Source: Australian Education Union
The Morrison Government’s failure to commit to funding for preschool beyond next year fails to provide certainty for families and the preschool sector.
This lack of ongoing funding flies in the face of the findings of the Government’s own review which recommended funding should be guaranteed for at least five years, with Government transitioning to a National Agreement from 2026 onwards.
AEU Federal President Correna Haythorpe said; “Early childhood education is not a quick fix to get parents back to work; it is about giving Australian children the best start in life in those crucial formative years.
It’s time to end the hand-to-mouth annual funding cycles that the Coalition Government has subjected the preschool sector to since 2013. Annual drip-feeding of funding does not allow pre-schools to plan for the future nor to retain and attract staff on an ongoing basis.”

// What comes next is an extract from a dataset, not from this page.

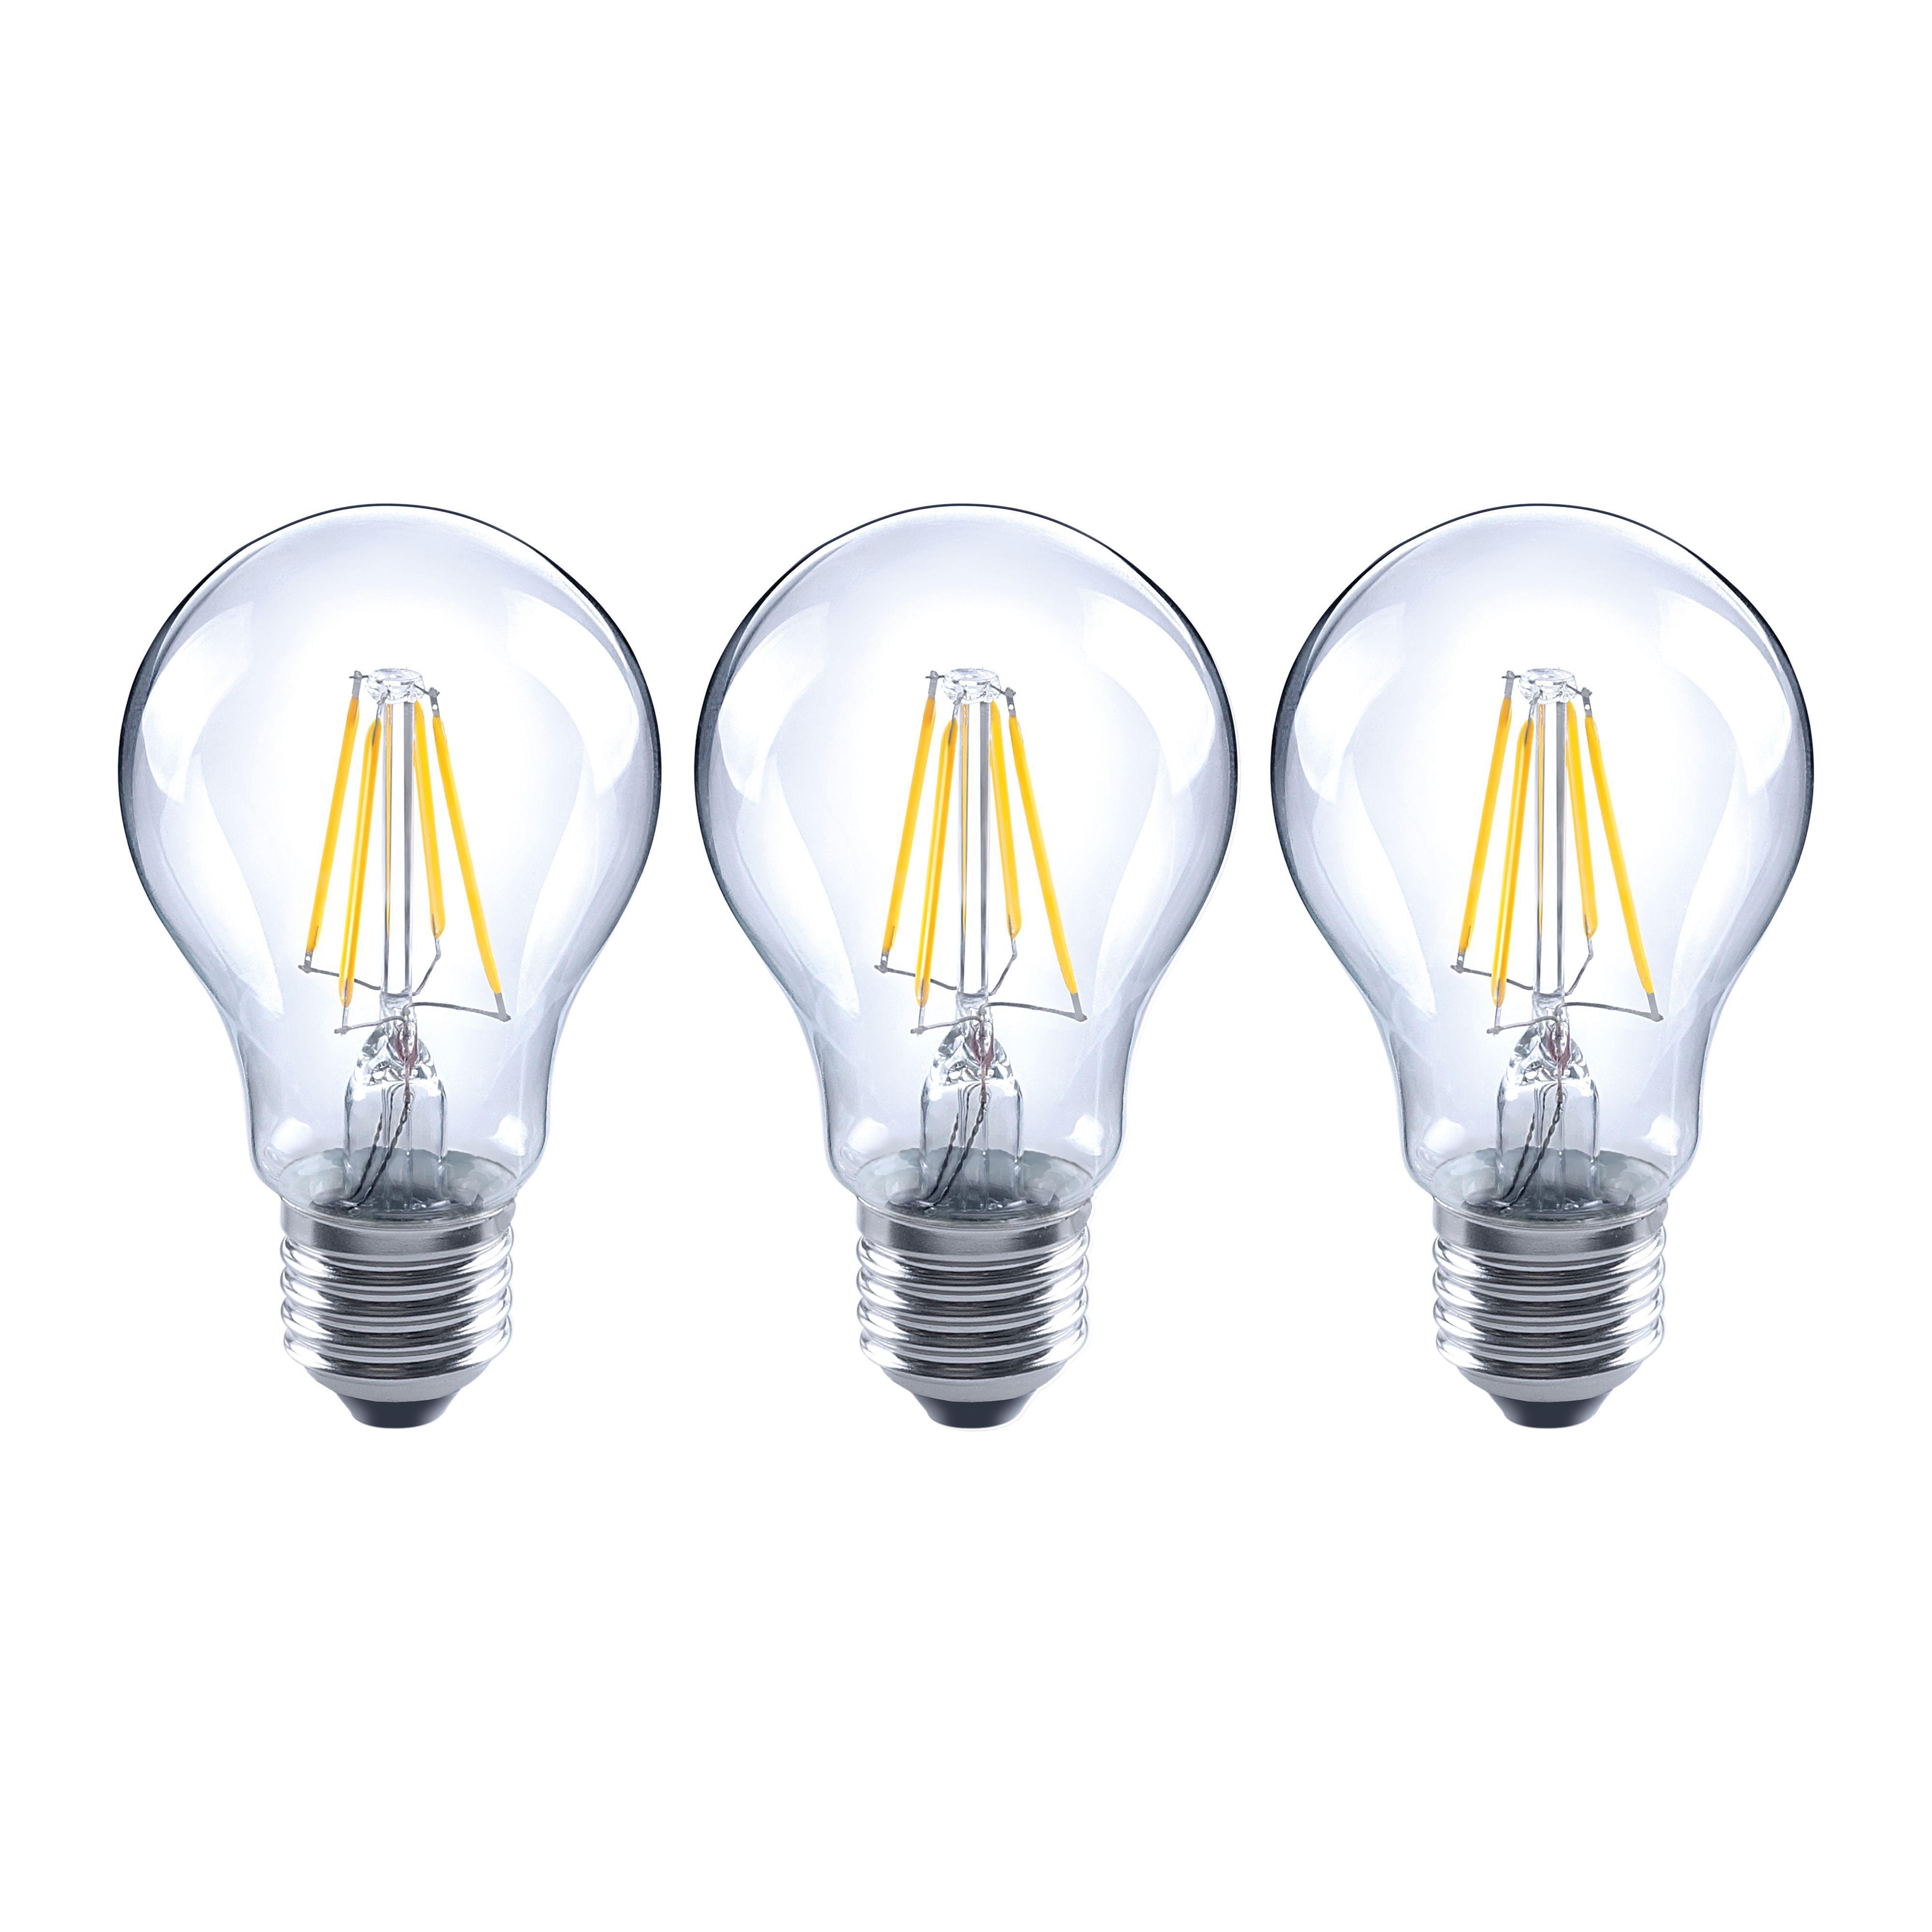 diall e27 4w led filament gls light bulb pack of 3

There is also no mention in the budget of extending preschool to three-year olds. Australia is almost alone among advanced economies in not providing this universally.
While there is some assistance for Victorian providers to remain viable during the COVID recovery, this is clearly not enough.
Correna Haythorpe said; “Government need to take responsibility and provide preschool for all children. It sets them up for life. Children who go to preschool are school ready, better at managing emotions and have better attention spans. Learning issues can be identified and support mechanisms put in to place earlier, which benefits all children, because all children learn better when the average skill levels in the classroom are high – children influence each other.”
A recent PWC report demonstrated that preschool pays for itself. For every $1 spent on early childhood education, $2 of benefits flow back to the economy. It is also the biggest policy lever for increasing female participation in the workforce creating a huge boost to productivity.
This budget failure means Australia is falling behind the rest of the world where two years of preschool is fast becoming the gold standard. Australia remains just one of eleven OECD nations that fail to provide early education to three and four year olds.